The first modern Special Economic Zones appeared in the late 1950s in industrialized countries, with the very first one created in Shannon Airport, Ireland. From the 1970s onward, zones providing labor-intensive manufacturing have been established, especially in Latin America and East Asia. However, SEZs showed their true potential when China created four of them in the early 1980s. Among them was Shenzhen, which passed from a rural city of 30,000 people to the 18 million people manufacturing capital of the world in 2018.
While SEZs have been used by many countries, The Red Dragon has been the most successful in using them, especially in more technology- and capital-intensive formal sectors that enjoy greater government support, more foreign direct investment (FDI), and stronger links to the global market.
China’s first SEZs were created in the Southeastern coastal region to act as liberal economic environments that promote innovation and to test the efficacy of market-oriented economic reforms in a controlled environment; in Deng Xiaoping’s words, “crossing the river by touching the stones.” Therefore, these four SEZs didn’t only have the usual objectives of a SEZ, but they had one important mission as well: test the new policies and institutions for a market-oriented economy, a substantial change from the former centrally planned economy.

China says thank you to SEZs
The SEZs had an immediate impact: in 1981, they accounted for 59.8% of China’s FDI, with Shenzhen accounting for half of it, and by 1985, Shenzhen’s and Zhuhai’s GDPs respectively grew at an annual rate of 58% and 32% against a national average of 10%.
By 1992, foreign trade and investments in China had been extended to the entire coastal region and all capital cities in the interior, and SEZs began to spring up throughout the country as much as they were no longer “special”.
China’s first four SEZs, Shenzhen, Zhuhai, Shantou, and Xiamen, are crucial to understanding the insane development and growth the country has experienced in the last thirty years and its consequent position on a macro and geopolitical basis.
From 1975 to 2018, the number of countries with SEZs has grown from 29 to 147, with the total number of SEZs in the world growing at an annual rate of 157% in the same period. Yet, no country has enjoyed their benefits as China did.
Most of all, China’s SEZs successfully tested the market economy and new institutions, establishing role models for the rest of the country to be followed.

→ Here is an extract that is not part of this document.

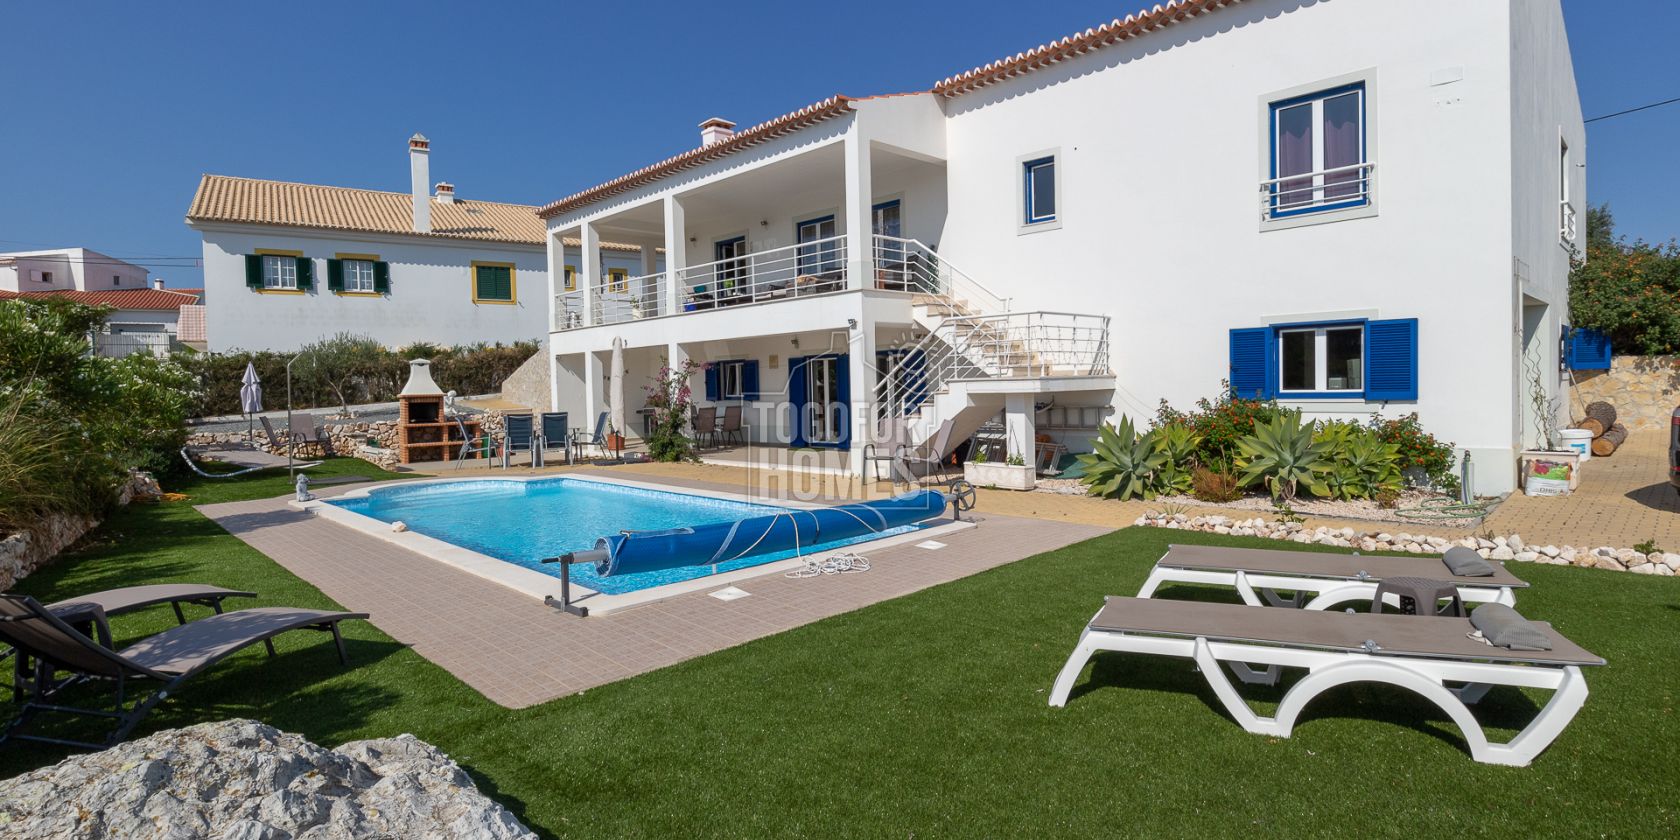 LG1178 - Modern 3 + 2 bedroom villa with garage and pool Vale da Telha, West Coast

They had a huge contribution to national GDP, employment, equality, poverty, exports, and attraction of new technologies and talents, and they undoubtedly made the country able to liberalize the formerly traditional state and experience the consequent flourishing growth.
Now, the question remains how the Party – which is becoming increasingly corrupted, autocratic, and culturally closed – is going to transform this insane economic growth into geopolitical influence on Asia and the world.